Em 400 a.C., Hipócrates descreveu a visualização de raios luminosos precedendo a dor da enxaqueca. Ele também mencionou a possibilidade desta dor ter sido iniciada por exercícios e relações sexuais e acreditou que eram decorrentes da ascensão de "vapores" do estômago para a cabeça, uma vez que eram aliviadas por vômitos.
Celsius, que viveu entre 215 e 300 d.C., observou que vinho, frio, calor e exposição ao sol poderiam provocar crises de dor de cabeça com características de enxaqueca, mas as primeiras descrições clássicas de enxaqueca foram feitas por volta do século 2 d.C. por Aretaeus da Capadócia, que se refere a uma forma de dor, unilateral ao crânio, e que ocorria a intervalos mais ou menos regulares; essa forma de dor foi descrita em livro -texto sobre a prática da Medicina.

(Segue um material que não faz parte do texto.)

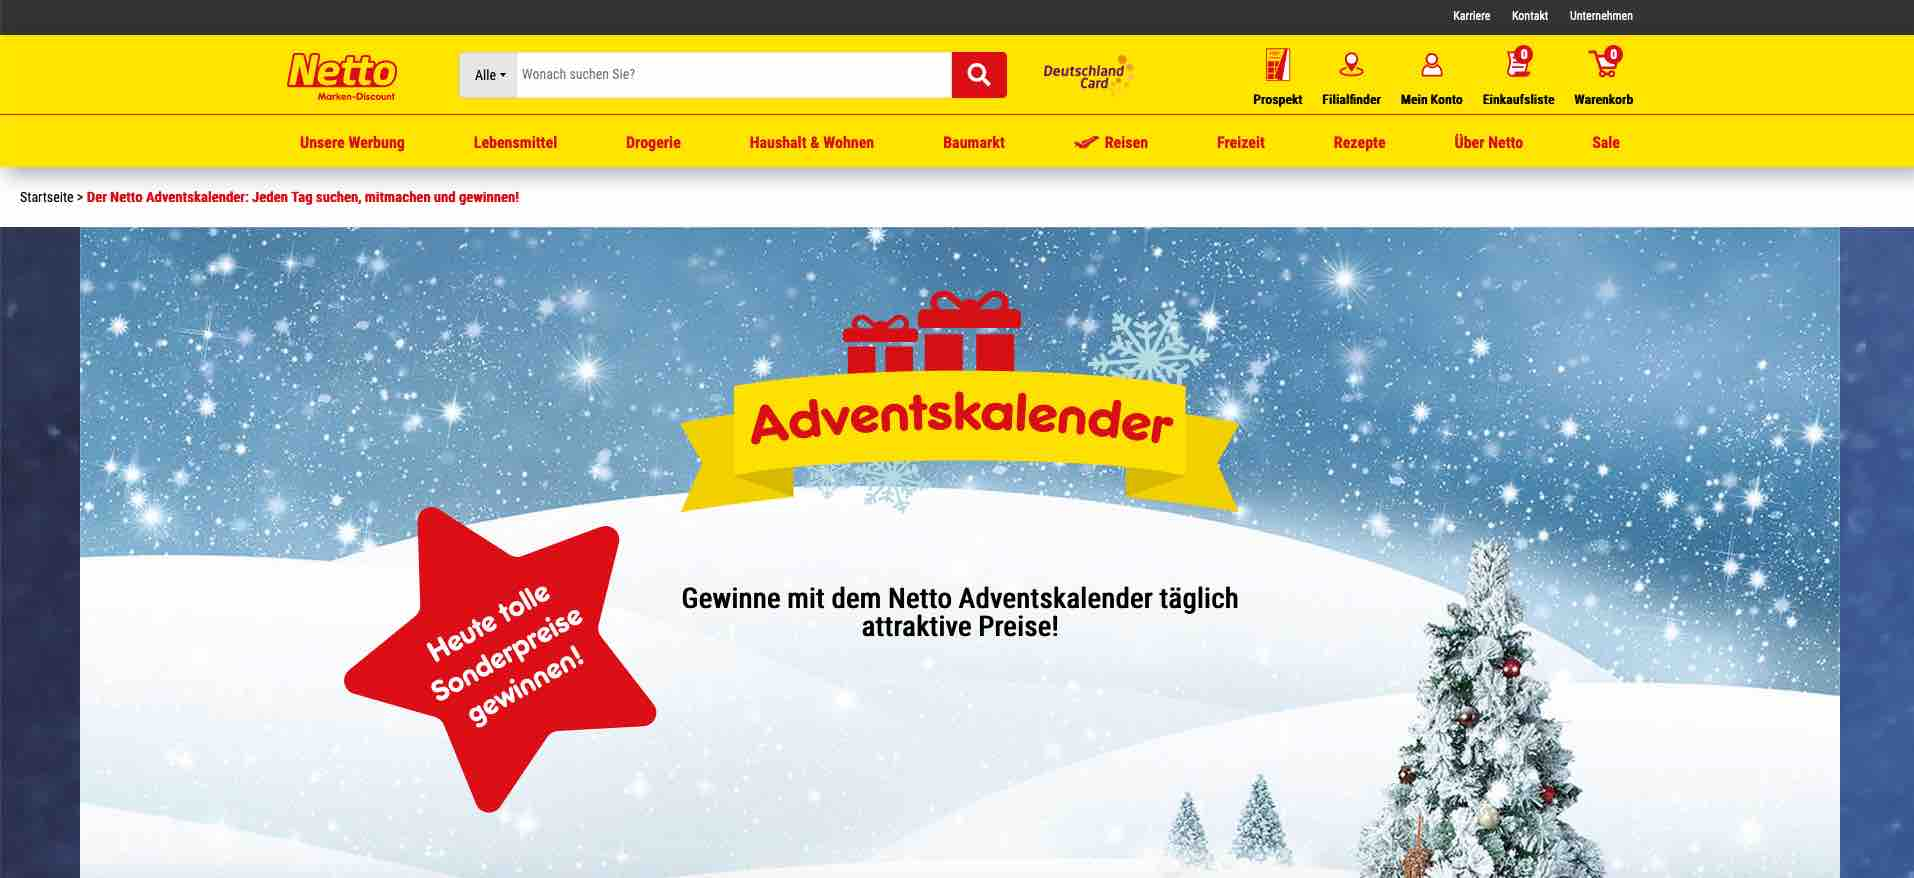 Netto Online Adventskalender

Foi Galeno de Pergamon (200 d.C. ) que denominou essa dor de Hemikrania, porque era uma cefaléia que acometia somente a metade do crânio. Como a influência árabe predominou na Península Ibérica, o vocábulo hemicrania foi traduzido por Ax-xaqiqâ; a partir de então a língua espanhola incorporou o termo como jaqueca, sendo a seguir adotado pela língua portuguesa como enxaqueca.O vocábulo hemicrania originou Migraine na língua inglesa e francesa, transformando-se na palavra mais empregada no mundo científico.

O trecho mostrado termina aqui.